On 8/21/20 9:15 AM, Anand Jain wrote:
> The following test case leads to null kobject-being-freed error.
> 
>   mount seed /mnt
>   add sprout to /mnt
>   umount /mnt
>   mount sprout to /mnt
>   delete seed
> 
>   kobject: '(null)' (00000000dd2b87e4): is not initialized, yet kobject_put() is being called.
>   WARNING: CPU: 1 PID: 15784 at lib/kobject.c:736 kobject_put+0x80/0x350
>   RIP: 0010:kobject_put+0x80/0x350
>   ::
>   Call Trace:
>   btrfs_sysfs_remove_devices_dir+0x6e/0x160 [btrfs]
>   btrfs_rm_device.cold+0xa8/0x298 [btrfs]
>   btrfs_ioctl+0x206c/0x22a0 [btrfs]
>   ksys_ioctl+0xe2/0x140
>   __x64_sys_ioctl+0x1e/0x29
>   do_syscall_64+0x96/0x150
>   entry_SYSCALL_64_after_hwframe+0x44/0xa9
>   RIP: 0033:0x7f4047c6288b
>   ::
> 
> This is because, at the end of the seed device-delete, we try to remove
> the seed's devid sysfs entry. But for the seed devices under the sprout
> fs, we don't initialize the devid kobject yet. So this patch initializes
> the seed device devid kobject and the device link in the sysfs.
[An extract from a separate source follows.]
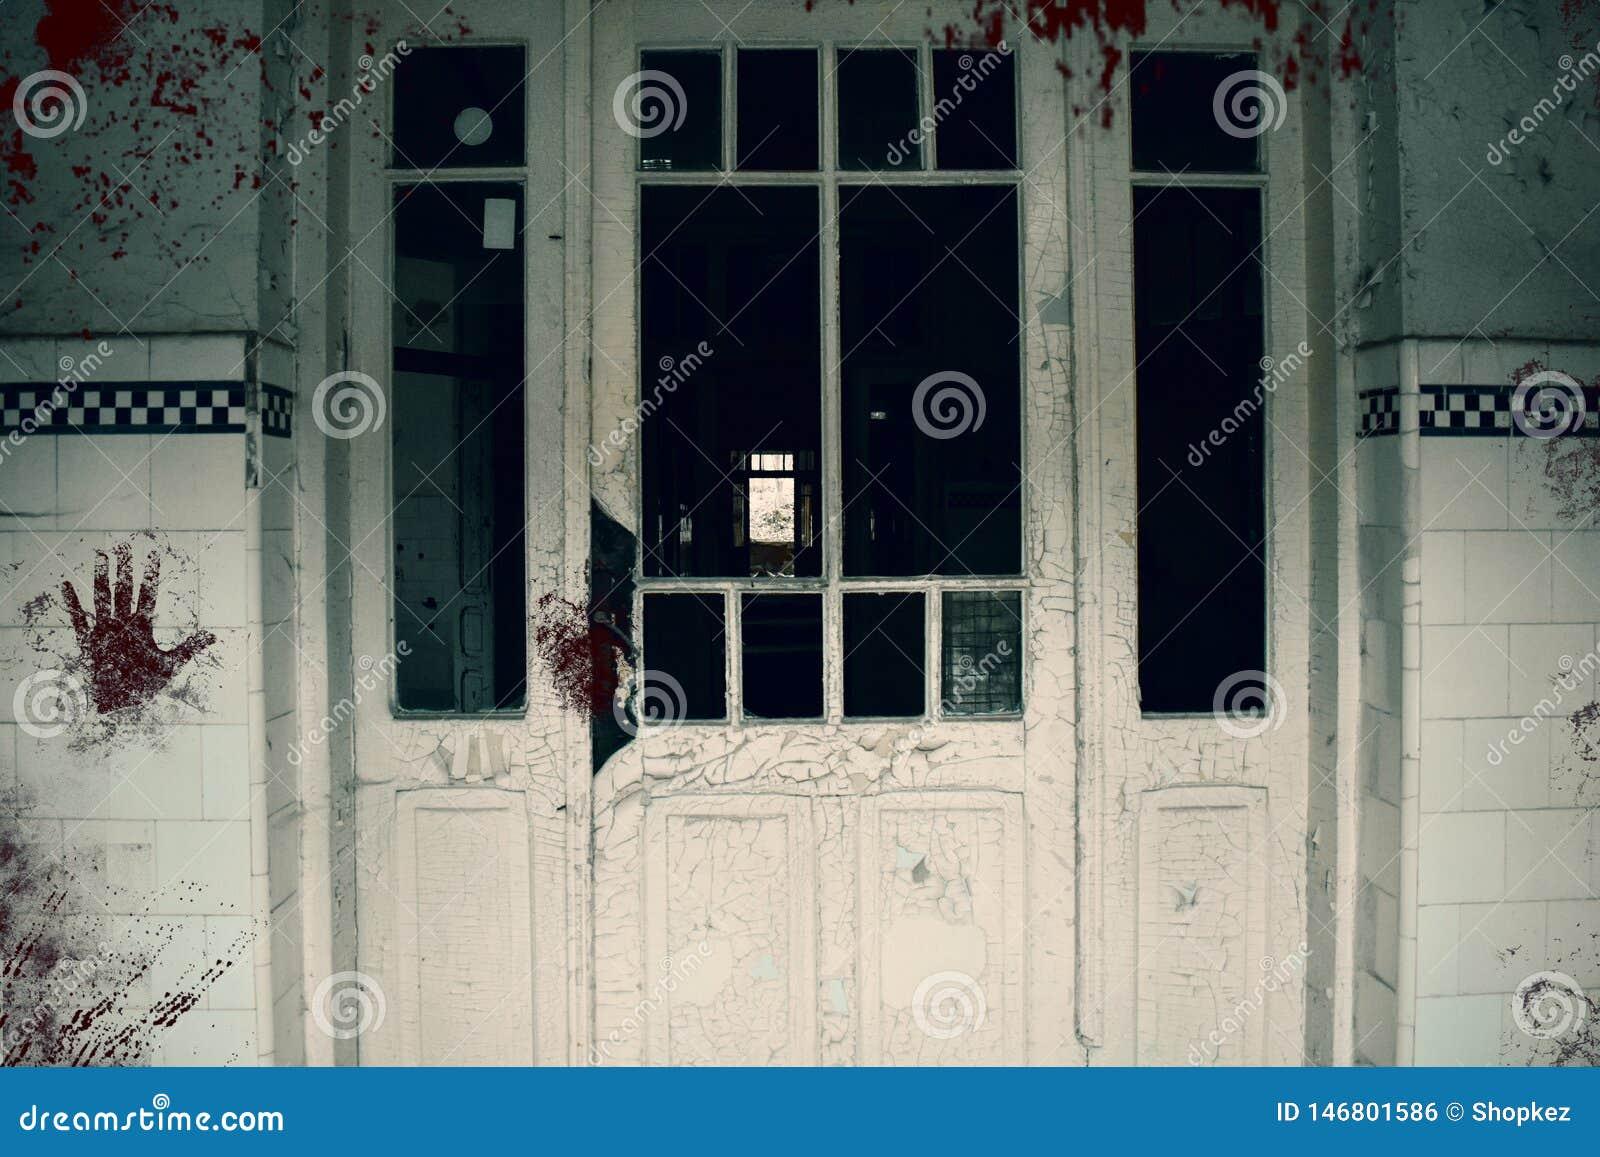 Creepy Bloody Door Of The Haunted Asylum Abandoned And
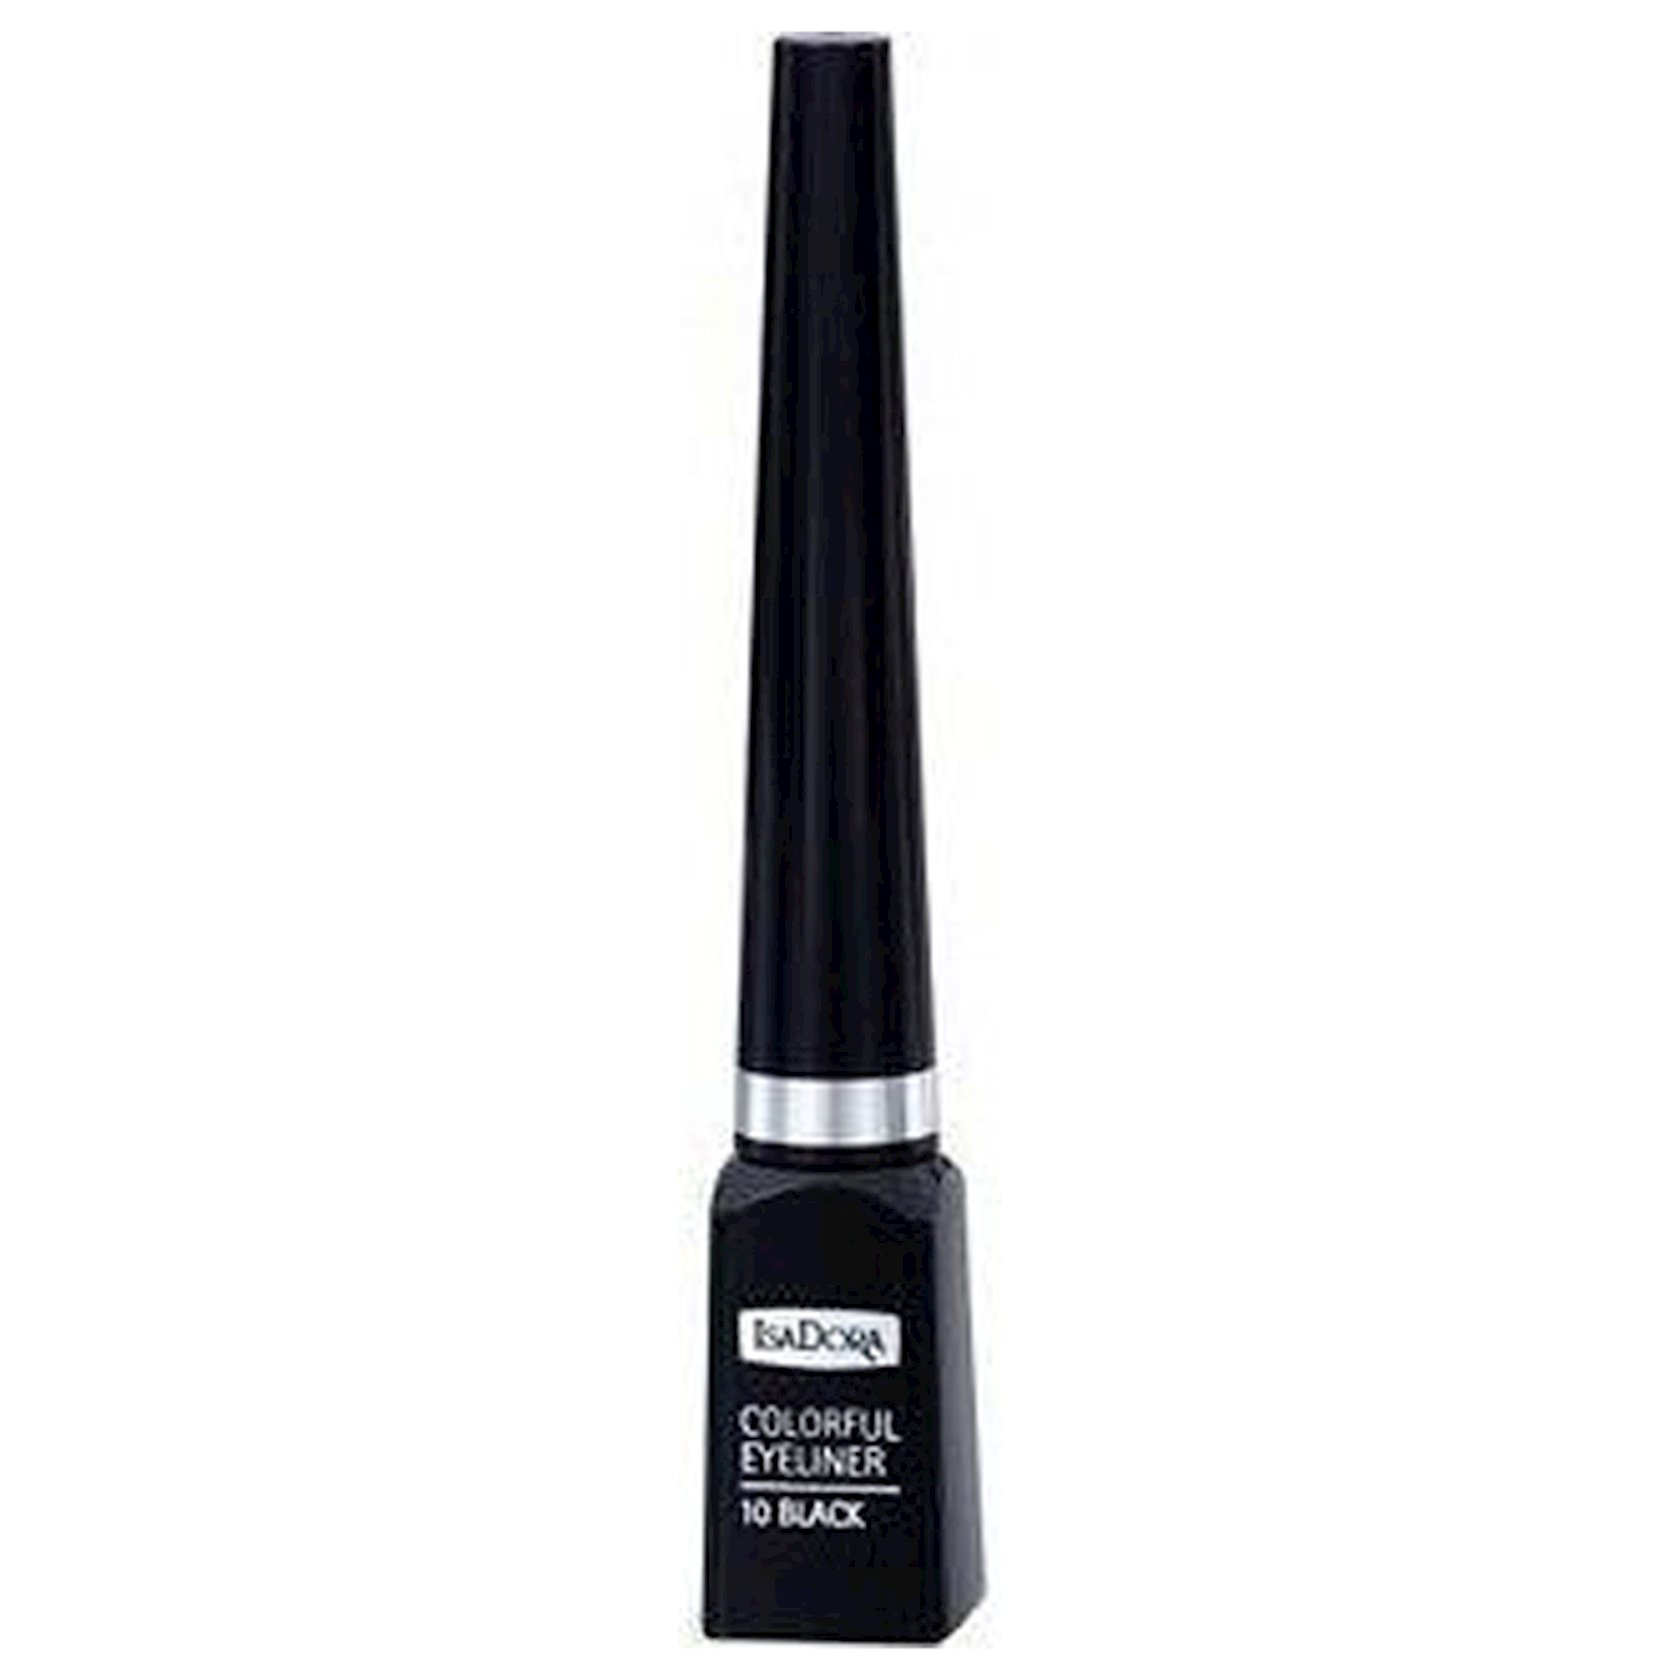 Göz layneri IsaDora Colorful Eyeliner №10 Black 3.7 ml

This takes
> care of the Warning.
> 
> Signed-off-by: Anand Jain <anand.jain@oracle.com>
> ---
>   fs/btrfs/sysfs.c | 30 ++++++++++++++++++++----------
>   1 file changed, 20 insertions(+), 10 deletions(-)
> 
> diff --git a/fs/btrfs/sysfs.c b/fs/btrfs/sysfs.c
> index 88fd4ce937b8..85403fc3d5c7 100644
> --- a/fs/btrfs/sysfs.c
> +++ b/fs/btrfs/sysfs.c
> @@ -1154,20 +1154,20 @@ int btrfs_sysfs_add_space_info_type(struct btrfs_fs_info *fs_info,
>   /* when one_device is NULL, it removes all device links */
>   
>   int btrfs_sysfs_remove_devices_dir(struct btrfs_fs_devices *fs_devices,
> -		struct btrfs_device *one_device)
> +				   struct btrfs_device *one_device)
>   {
>   	struct hd_struct *disk;
>   	struct kobject *disk_kobj;
> +	struct kobject *devices_kobj = fs_devices->devices_kobj;
>   
> -	if (!fs_devices->devices_kobj)
> +	if (!devices_kobj)
>   		return -EINVAL;
>   
>   	if (one_device) {
>   		if (one_device->bdev) {
>   			disk = one_device->bdev->bd_part;
>   			disk_kobj = &part_to_dev(disk)->kobj;
> -			sysfs_remove_link(fs_devices->devices_kobj,
> -					  disk_kobj->name);
> +			sysfs_remove_link(devices_kobj, disk_kobj->name);
>   		}
>   
>   		kobject_del(&one_device->devid_kobj);
> @@ -1178,19 +1178,23 @@ int btrfs_sysfs_remove_devices_dir(struct btrfs_fs_devices *fs_devices,
>   		return 0;
>   	}
>   
> +again:
>   	list_for_each_entry(one_device, &fs_devices->devices, dev_list) {
>   
>   		if (one_device->bdev) {
>   			disk = one_device->bdev->bd_part;
>   			disk_kobj = &part_to_dev(disk)->kobj;
> -			sysfs_remove_link(fs_devices->devices_kobj,
> -					  disk_kobj->name);
> +			sysfs_remove_link(devices_kobj, disk_kobj->name);
>   		}
>   		kobject_del(&one_device->devid_kobj);
>   		kobject_put(&one_device->devid_kobj);
>   
>   		wait_for_completion(&one_device->kobj_unregister);
>   	}
> +	while (fs_devices->seed) {
> +		fs_devices = fs_devices->seed;
> +		goto again;
> +	}
>   
>   	return 0;
>   }
> @@ -1279,8 +1283,11 @@ int btrfs_sysfs_add_devices_dir(struct btrfs_fs_devices *fs_devices,
>   	int error = 0;
>   	struct btrfs_device *dev;
>   	unsigned int nofs_flag;
> +	struct kobject *devices_kobj = fs_devices->devices_kobj;
> +	struct kobject *devinfo_kobj = fs_devices->devinfo_kobj;
>   
>   	nofs_flag = memalloc_nofs_save();
> +again:
>   	list_for_each_entry(dev, &fs_devices->devices, dev_list) {
>   
>   		if (one_device && one_device != dev)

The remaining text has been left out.